The value of a defined contribution plan is the total account balance maintained for an individual under the Plan as of any given date. Certainly the manner in which such an account is viewed as property will depend upon the property model followed in your state. Depending upon the property model followed, the entire account balance could be subject to division or, depending upon the circumstances of the employee’s participation, only part of such account could be subject to division.
If an individual began participating in the defined contribution plan prior to marriage, the entire account balance maintained by the plan on his/her behalf may not be considered marital property. In this case it is the job of the appraiser to determine what part of such account balance is attributed to the period of marriage and which should remain the sole property of the employee.
Pension Appraisers, Inc. offers three methods of determing the portion of a defined contribution plan which accumulated during the period of marriage.
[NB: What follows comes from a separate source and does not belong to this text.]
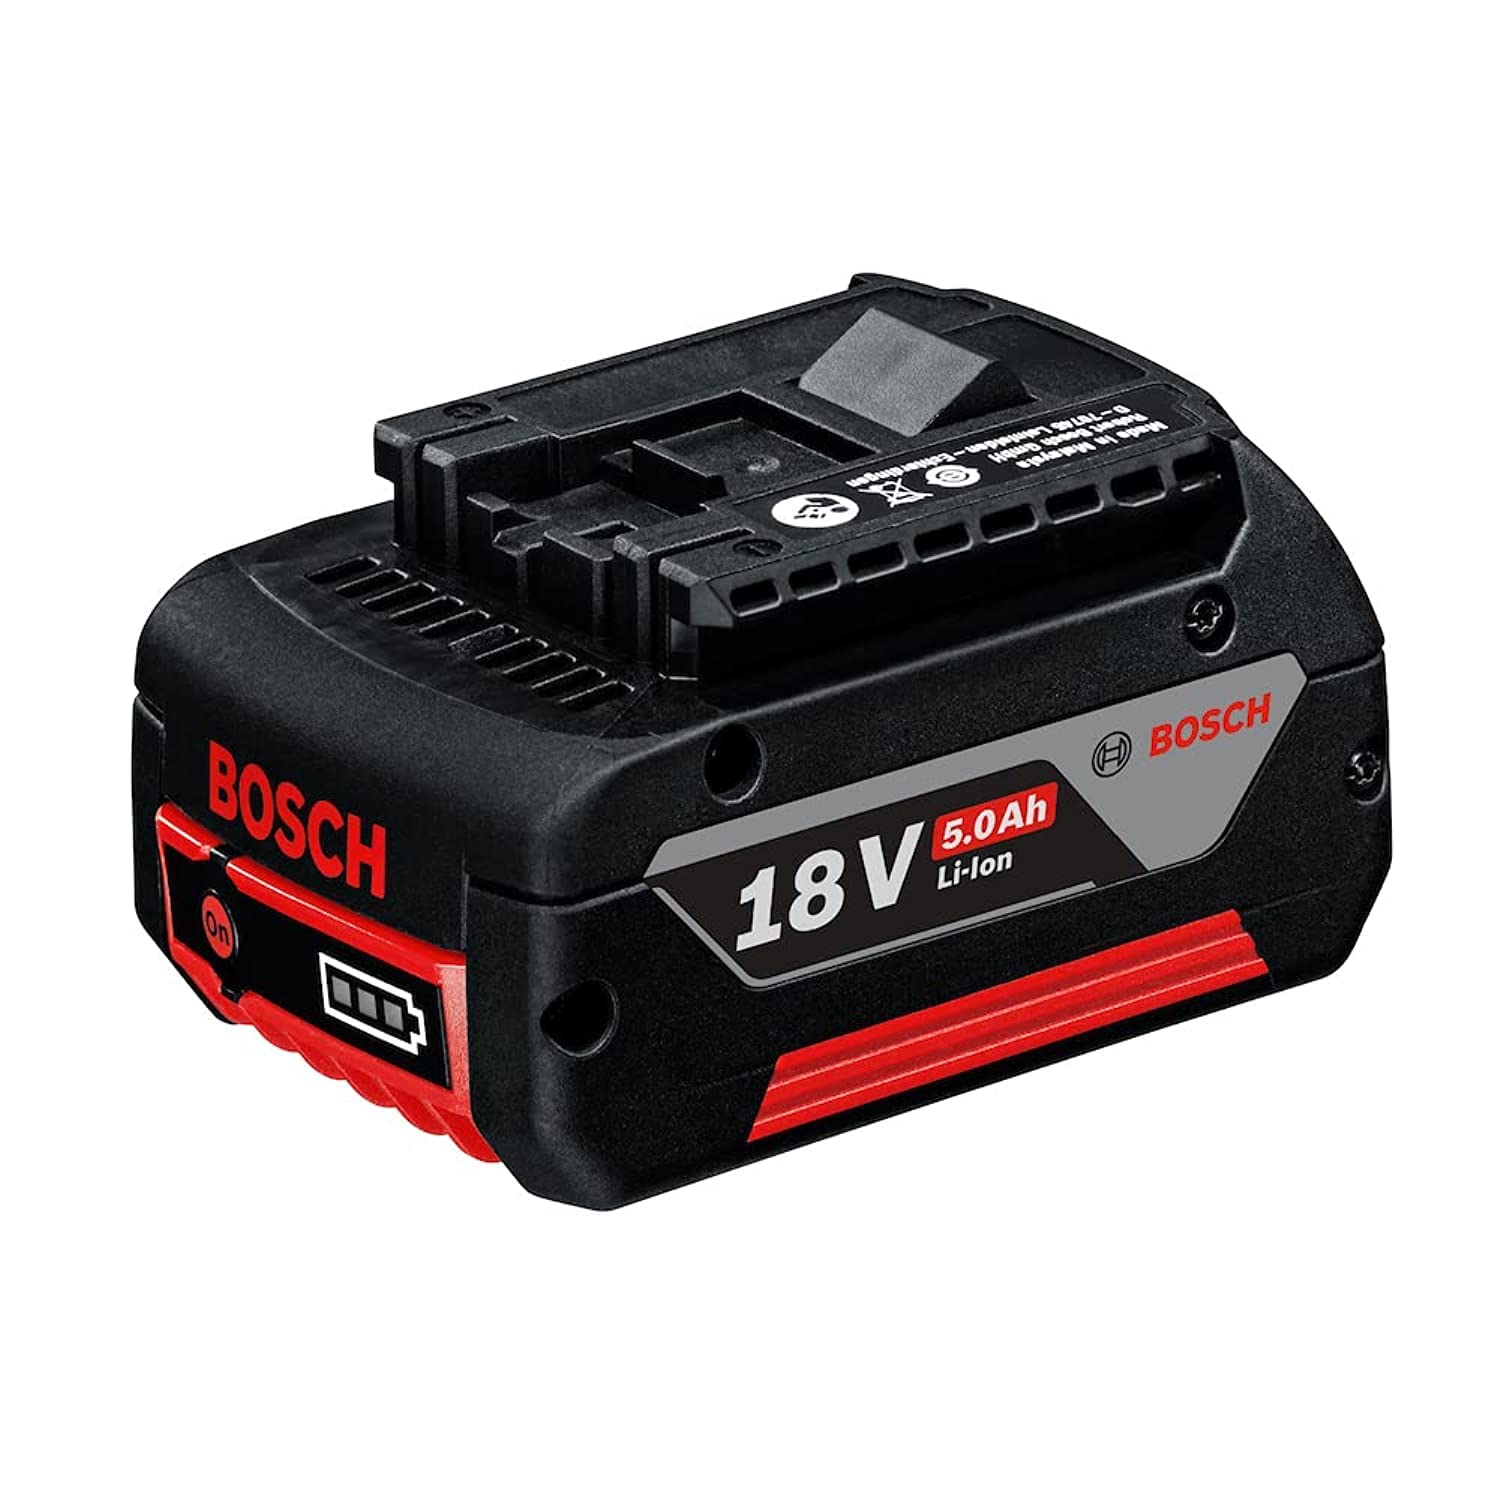 Bosch Professional Battery Pack GBA 18V 5,0 Ah 1600A001Z9 Power Tool Services

It is important to remember that determining such a value is not always an exact science. The value of these accounts can change on a daily basis and some individuals may have participated in such plans for many years. Following is a brief explanation of the three methods:
Segregation Method: The account balance on the Date of Marriage, plus all interest and investment growth attributable to these monies is subtracted from the account balance on the Date the Marriage Ended/Cut-Off Date. The difference is the value of the account subject to division. This approach assumes that any growth in pre-marital account balance which occurred during the marriage is considered separate property. Most Dual Property Model states view this growth as separate property. However, this is not true for all Dual Property Model states, and should be researched before using this method.
Subtraction Method: The account balance as of the Date of Marriage is subtracted from the account balance as of the Date the Marriage Ended/Cut-Off Date. The difference in the account balances is the value of the account subject to division. This approach assumes that any growth in the pre-marital account balance which accumulated during the marriage is considered marital property. Only a few Dual Property Model states view this growth as marital property.
Coverture Method: The account balance as of the Date Marriage Ended/Cut-Off Date is multiplied by a coverture fraction to determine the value of the account for equitable distribution.